--- Supplied data ---

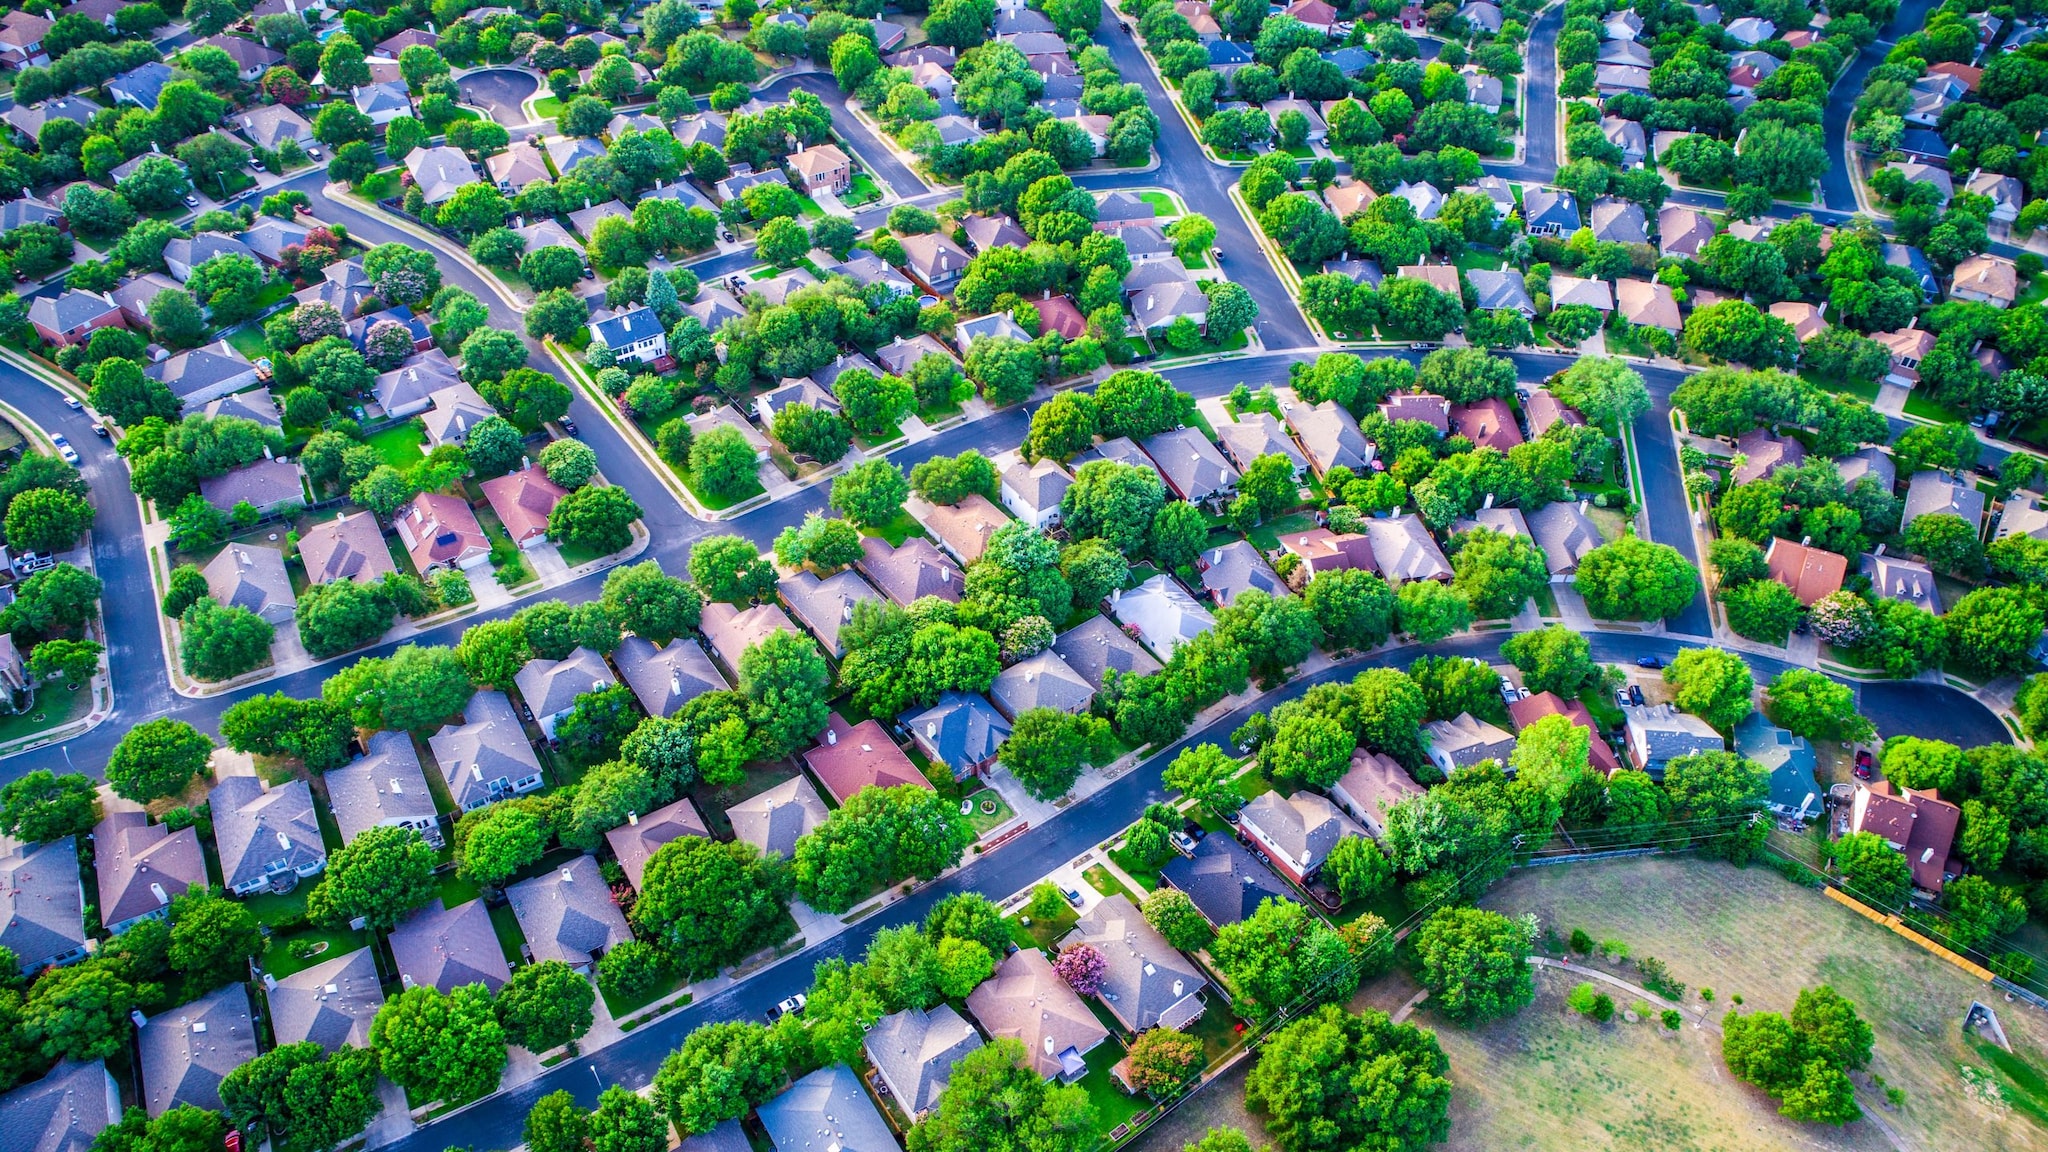 Aerial view of a neighborhood with many houses and trees.
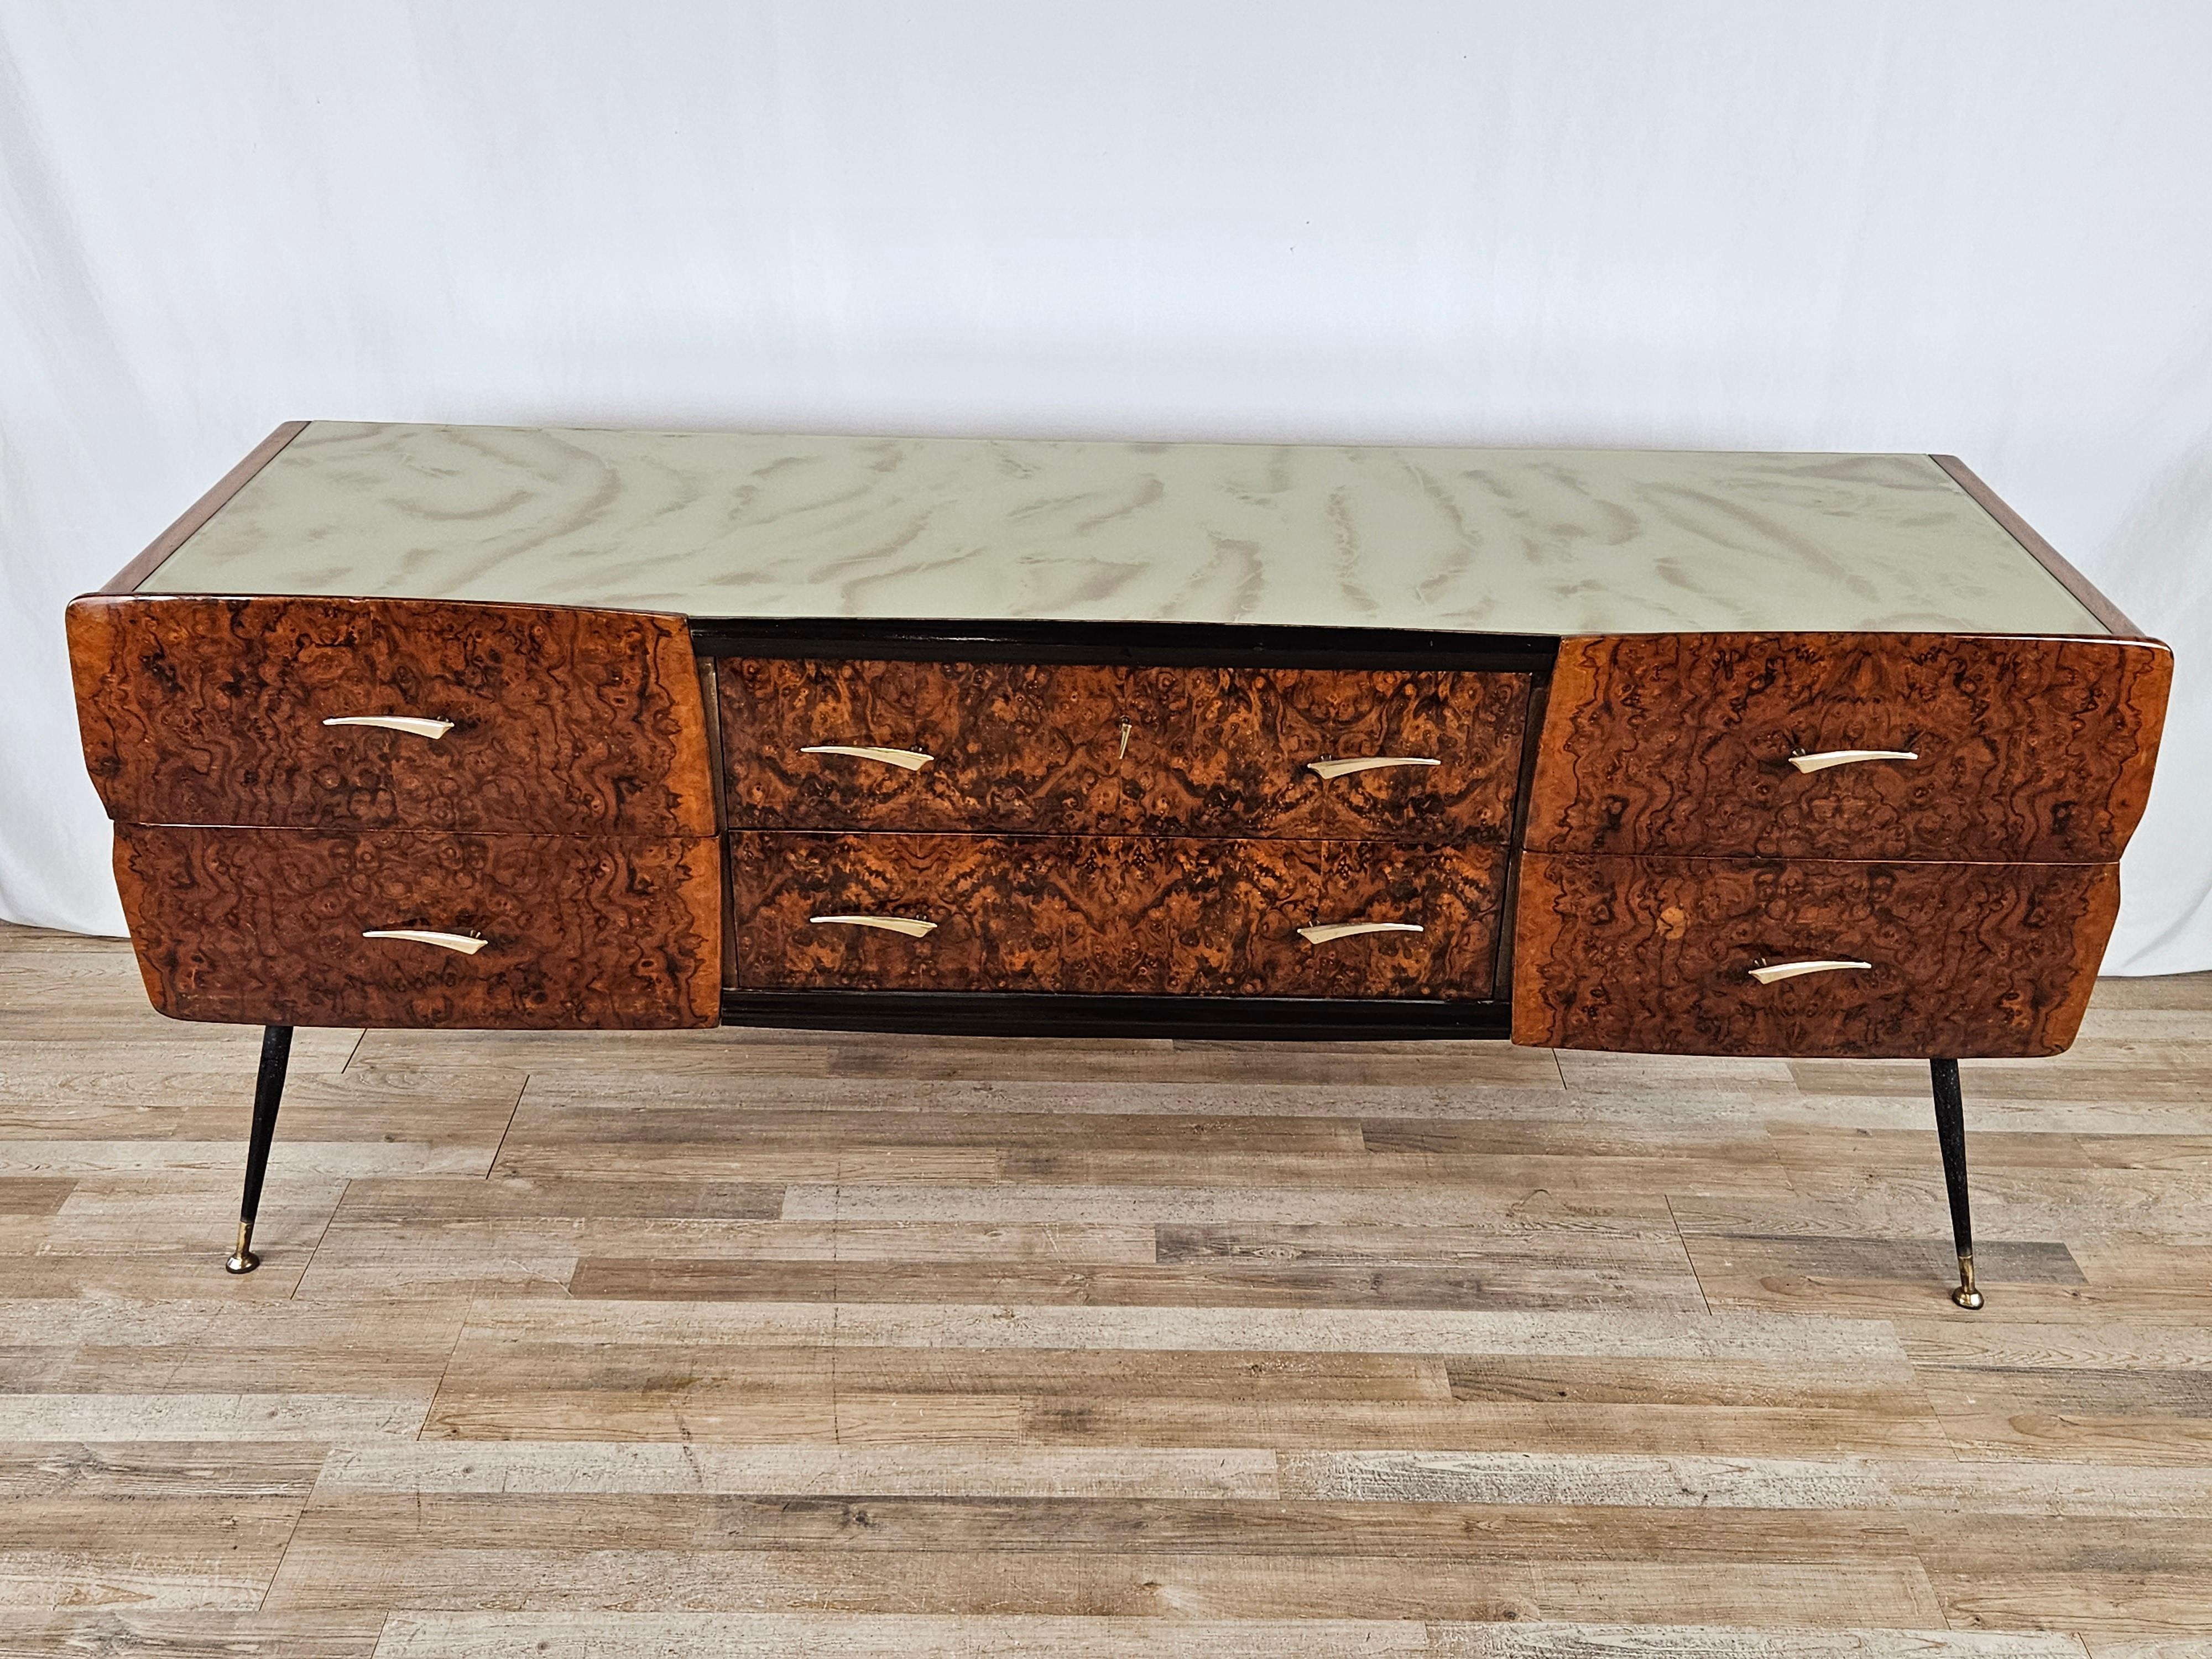 Modern bedroom chest of drawers made of mahogany burl, 1950s Italian production of high quality and workmanship.

The cabinet is made of mahogany with a distinctive worked and decorated glass top, note the iron spiked legs with brass ferrules and

---

** What is needed **
Write out all of the data above exactly, without any of its pictures.

** Solution **
 Aerial view of a neighborhood with many houses and trees.
 Modern bedroom chest of drawers made of mahogany burl, 1950s Italian production of high quality and workmanship.

The cabinet is made of mahogany with a distinctive worked and decorated glass top, note the iron spiked legs with brass ferrules and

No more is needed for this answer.